Lately, I keep hearing the old Nike commercials, "Just do it" running through my head. Remember those? When that slogan was flying around and on t-shirts everywhere, I frankly did not get it. "Just do what? And why?" is what I usually thought.
Now, I get it, and I am totally feeling it on a daily basis. It's not like I'm running marathons or performing any amazing athletic feats, but I have been seeing a real difference when I just decide what has to be done, stop thinking about it, and start getting busy doing something about it.
It's not just about exercise, although I have been more active. It's about life and the fact that time is going to pass whether you are sitting around on your butt or actually doing things you love.
I've been reading a ton since I practically quit my job and have so much more time and energy, and a recurring theme that successful people mention is action. Thinking about goals and making lists is nice, but taking action is what gets things done.

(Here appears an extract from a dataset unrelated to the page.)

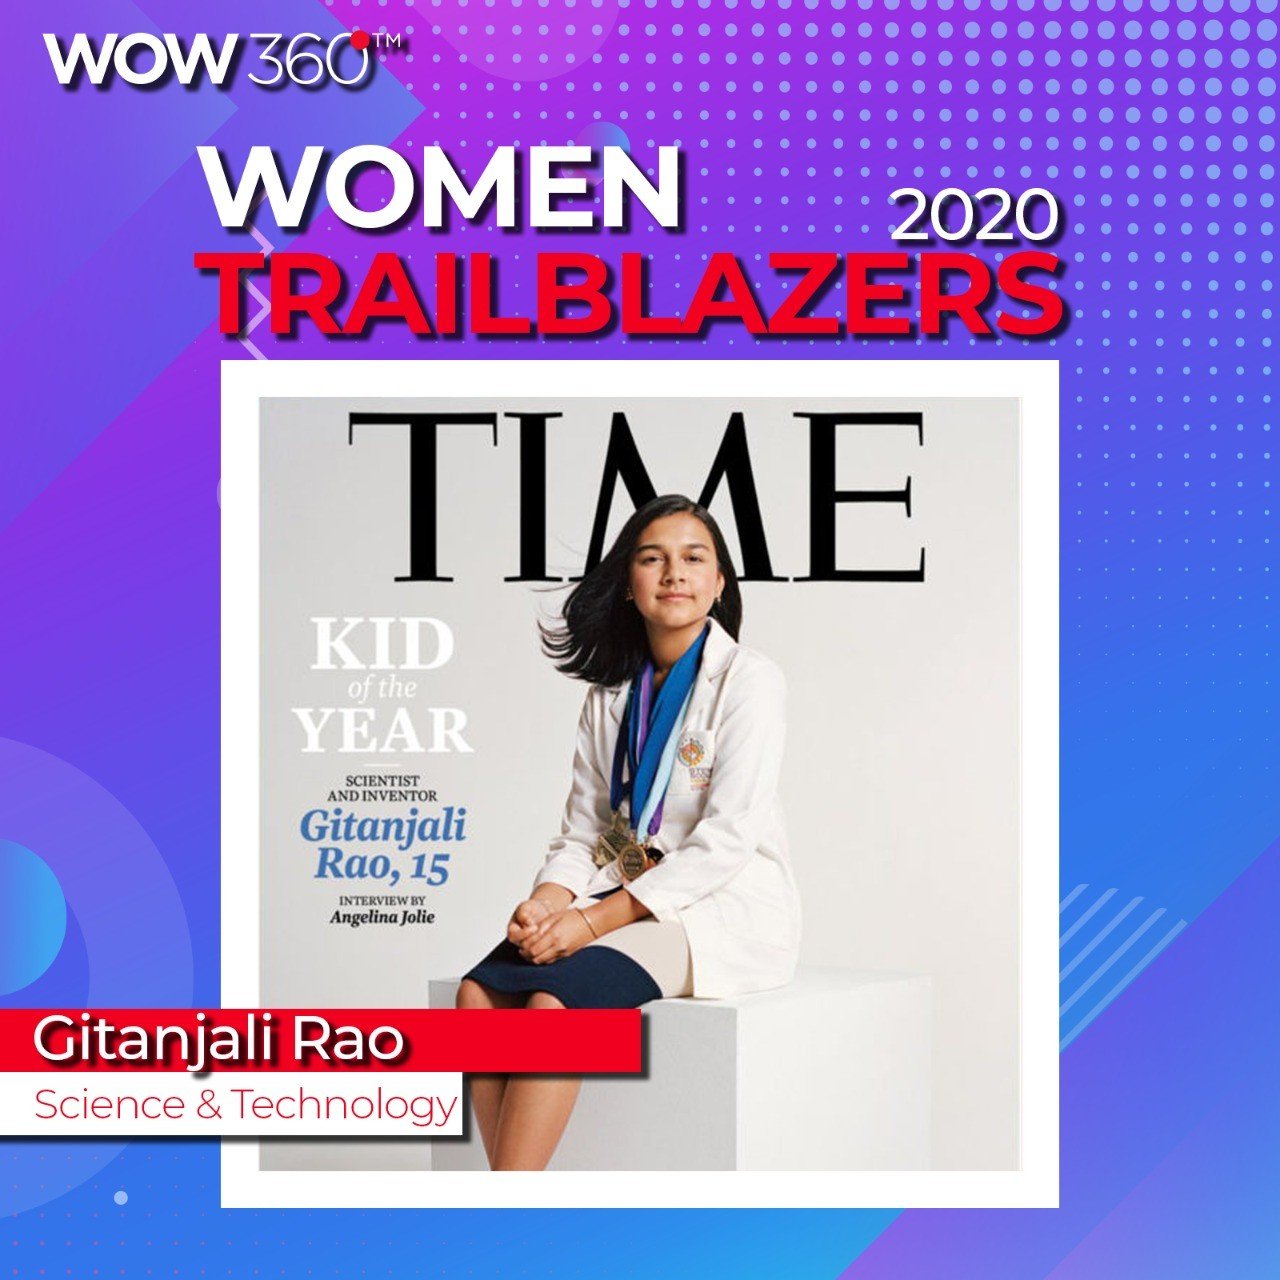 WOW 360|WOW360 Trailblazer's List for Women Achievers 2020

So, I want to write. I'm just doing it. I'm clicking away on a daily basis and for a few weeks anyway, I've been sending something out into the paid writing world weekly. As you can imagine, I have not struck it rich in my couple of weeks at it, but I'm getting some responses, and I'm feeling very productive. I'm feeling like maybe I'm a writer.
I also want more music in my life, and I want to play it. I'm trying to just do it. We have guitars and keyboards here, there are a bazillion free lessons on YouTube, so there's really no excuse. If I want to play, I just need to do it. I am well aware that I am not a musical prodigy. In fact, I have a rather painful memory of my college roommates referring to me as "tone deaf." But you know what? I like playing with instruments, and who cares if I will never be a pro? I want to play because I like to play, and I can do that for myself. I no longer live with those roommates, so they don't have to suffer my practice, and my family is generally more accepting of beginning musicians (more so if they are in the other room.) Besides, they are beginners and practice a lot too.
Then there's art. I love creating things, but for a while, it just fell to the back burner. I am a pretty crafty homeschooling mom and have always been into the hands on projects with my kids, but now, I'm also wanting to make sure I make art because I want to, not just squeezing it in as a lesson for my kids. Actually, I think just doing it and creating because it is fun is probably the best lesson I could give them.
I'm also wanting to be stronger and healthier, physically that is. I feel blessed that I've never had a weight problem, especially considering the horrible processed food products I grew up eating, but skinny isn't the same as strong. I reformed my eating habits long ago when I was growing babies, and while I've always walked my dogs and liked hiking, I never really "exercised." Sweating has been something that I have avoided if at all possible. Well, as you can guess, wishing for muscles doesn't make them happen. Visualizing probably helps, but unless it's accompanied by some action, there isn't likely to be any magical muscle transformation.So, I'm doing it. I started with yoga and then pilates, and an occasional dance class, and it feels great. Well, not while I'm doing it- all that core work in pilates makes my eyes loll about in my head and causes me pain in muscles I never knew existed, but later...later I feel great- more energy, better mood and all.
I want to cook. I want to see the world. I want to speak Spanish. I want so many things. And if I am the one that wants these things, I am the one that needs to go for them. For the first time in my life, instead of just thinking about the things I want to do, I am just doing them.
Just doing it actually feels great. It's all baby steps, no book contracts, art shows, concerts, or marathons just yet, but it's at least steps in the right direction.